Cluster Analysis – Current Trends 2021

Organized by: Juliette Griffié (EPFL), Daniel Nieves (University of Birmingham), Dylan Owen (University of Birmingham), Daniel Sage (EPFL)

This special session on cluster analysis tools for SMLM is aimed at method development specialists and users alike. It will include a short series of technical talks on novel approaches to clustering as well as benchmarking. This year edition will however put users in the spotlight, with talks focusing on cutting edge applications to SMLM cluster analysis in cellular biology.

Cluster Analysis Benchmarking

To method developers: A recent paper [1] published by D.J Nieves & D.M. Owen et al provides the tools for standardized benchmarking of state of the art and novel cluster analysis methods. In the context of SMLMS, we offer the opportunity to compare your method using both these data sets and metrics.
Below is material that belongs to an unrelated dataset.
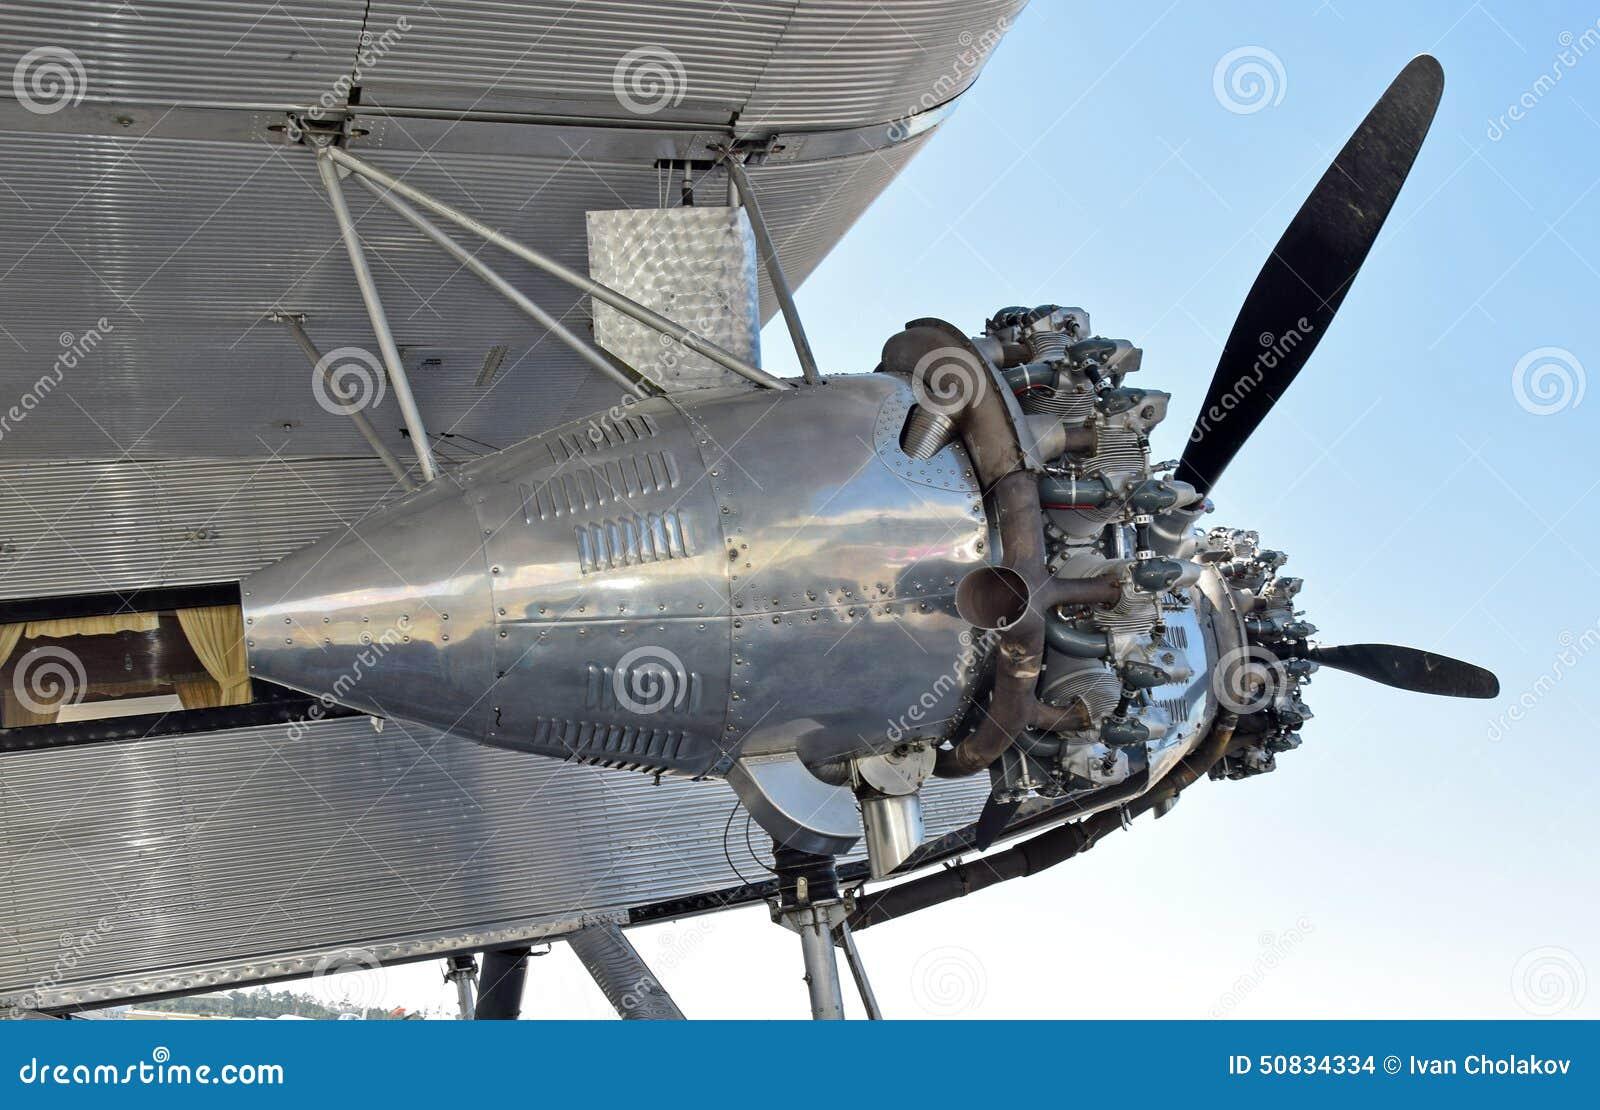 Velha Do Motor Do Avião Da Hélice Foto de Stock Imagem: 50834334 #1C6BAF 1300x919 Banheiro De Avião Como Funciona

You will find them below.

The data consists of spatial points pattern in the absence or presence of multiple blinking. For more information, join us on Slack.

Please, send us the results and metrics by August 23rd to be taken into consideration for the dedicated talk on benchmarking during the conference.

[1] Daniel J. Nieves, Jeremy A. Pike, Florian Levet, Juliette Griffié, Daniel Sage, Edward A.K. Cohen, Jean-Baptiste Sibarita, Mike Heilemann, Dylan M. Owen, “A framework for evaluating the performance of SMLM cluster analysis algorithms”, biorxiv, 2021.